The earliest form of anesthetic medicines is similar to the sedative drugs of now-a-days, which were used to have pain relief and other medical benefits, as mentioned in several ancient scripts. It was Theodoric Borgognoni of 13th century, who employed opiates with many other herbal mixtures for the purpose of inducing unconsciousness during surgery. However, the modern concept of anesthesia has come into act with the expertise of William Thomas Green Morton (1846), who introduced painless surgery successfully. However, anesthesia plays a significant role in cancer pain management, critical care during cardiac and respiratory complications, inhalation therapy and various clinical emergencies. It also aids in stabilizing and preparing the patient for any surgery or operation and sometimes the anesthesiologists use it for non-surgical pain relief. Anesthesiology 2016 annual meeting highlighted the fact of increase in the anesthetical practice by 27% in five years. However, more studies and research is needed for the better and safer anesthesia management. The Journal of Anesthesia & Clinical Research, volume 8, Issue 3 focused on varied topics like: evaluation and comparison of FOB and REI intubation methods, conceptualized transversus abdominis plane block, and provided significant information about the exact role of sCOX-2 inhibitors as inhibitors of inflammatory processes in patients who had brain injury measured by IL-6.

Fiberoptic intubation is considered as safest and most effective method, which permits direct visual control of the intubation procedure without any directional errors. Though, it is safe, apparatus is very expensive and handling requires expertise and at the same time it is not readily available in all health care centres. In case of, retrograde intubation endotracheal tube is advanced into trachea by rail road technique without direct visualization of trachea, but it is associated with many disadvantages. Pokhriyal et al. [1], meticulously studied to compare the hemodynamic response, time taken and success rate of intubation following awake retrograde endotracheal and fiberscope assisted intubation. This study reported that, awake endothracheal intubation using FOB and REI may cause elevation in MAP and HR. The results clearly reported that, success rate of intubation were superior in FOB when compared to REI group.

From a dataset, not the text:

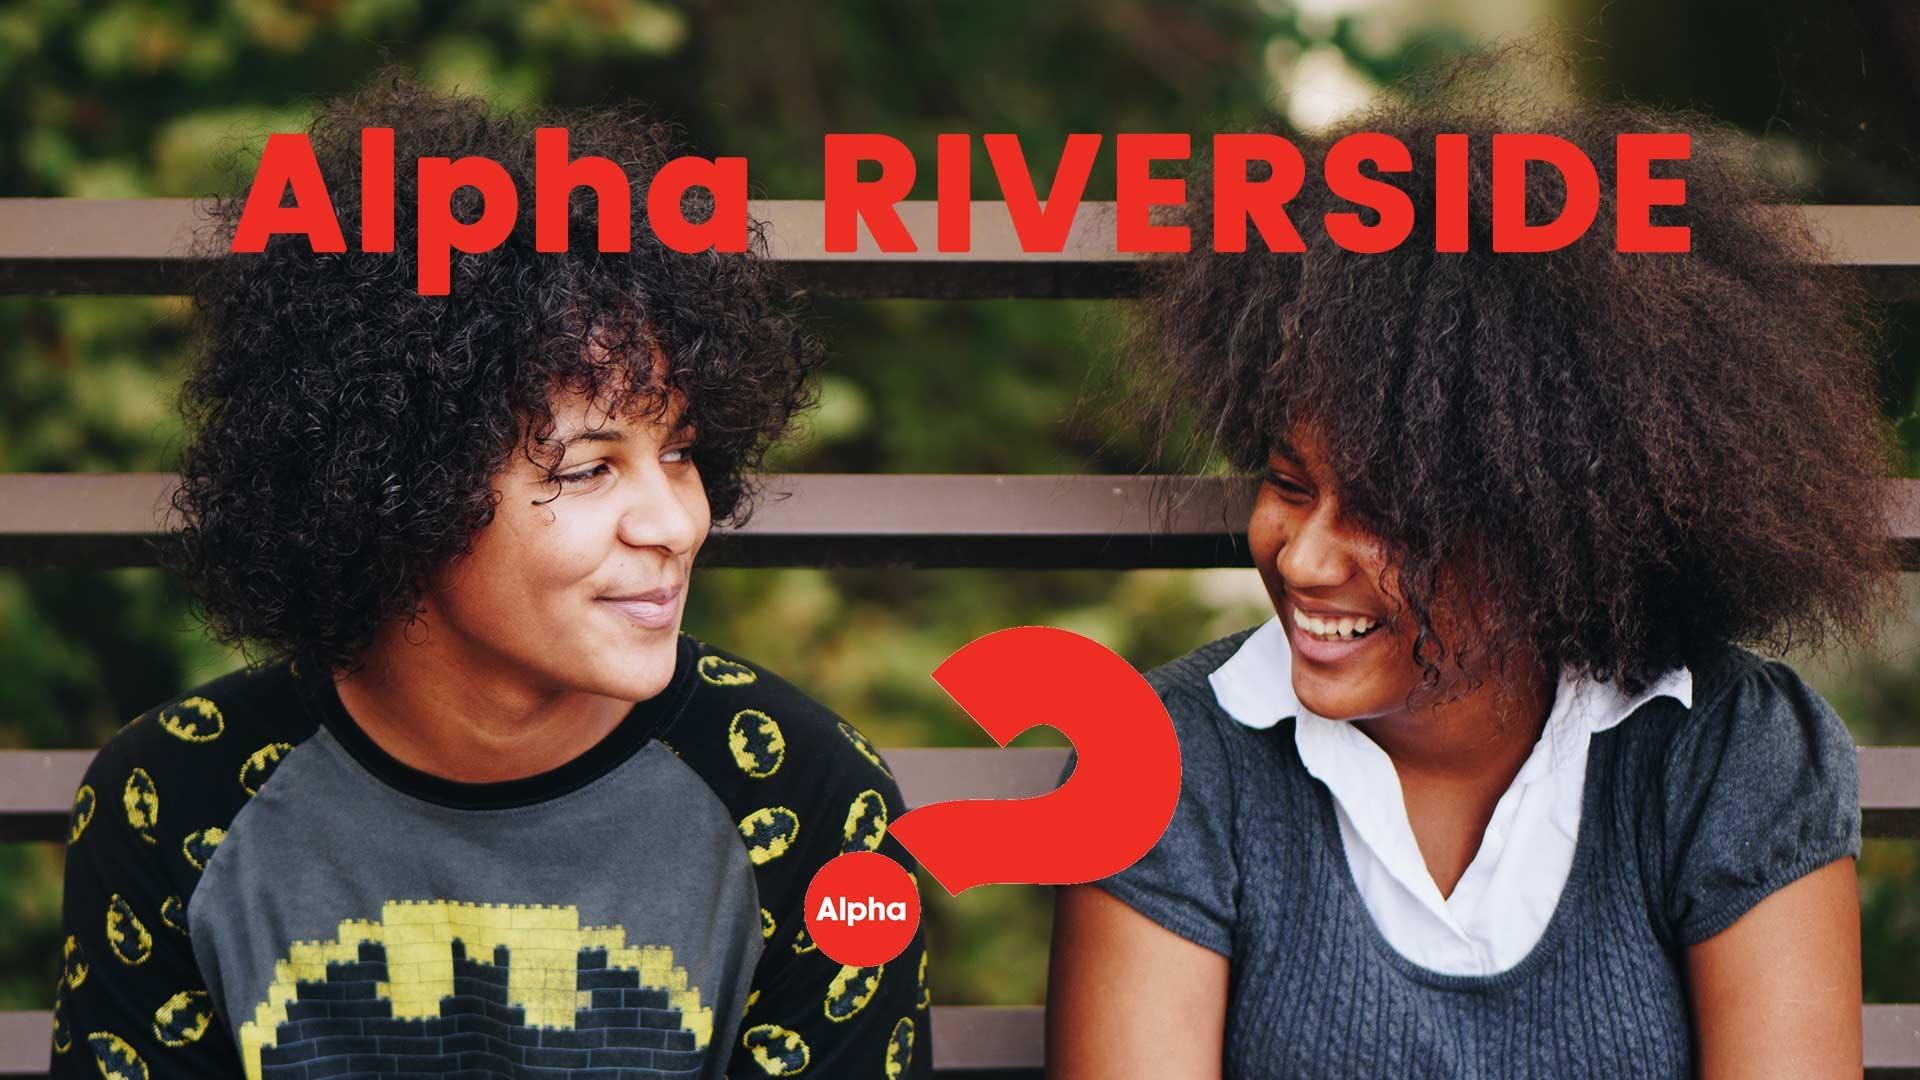 alpha-riverside.jpg

The transversus abdominis plane block is peripheral nerve block that is designed to anesthetize the nerve supplying the anterior abdominal wall. This single blind prospective randomised control was conducted by Prabhu et al. [2], to evaluate the effectiveness of the TAP block for postoperative pain as part of a multimodal analgesic regimen in patients undergoing TAH. This test results reported that, TAP block is very easy to perform under ultrasound guidance without complication and at the same time provides effective analgesia. In addition, TAP Blocks holds well as part of multimodal regimen for patients undergoing Total Abdominal Hysterectomy.

The subsequent level of consciousness in a person after brain injury is measured by employing GCS. If the measured score is low it indicates higher IL-6 level and high morbidity and mortality. Selective cyclooxygenase (sCOX-2) are the drugs generally prescribed for postoperative pain and in addition it also possess an anti-inflammatory effect. Mbamalu et al. [3], aimed to determine the exact role of sCOX-2 inhibitors as inhibitors of inflammatory processes in patients who had brain injury measured by IL-6. This randomised study concluded that, sCOX-2 inhibitor is capable to reduce the IL-6 level in patients with moderate head injury.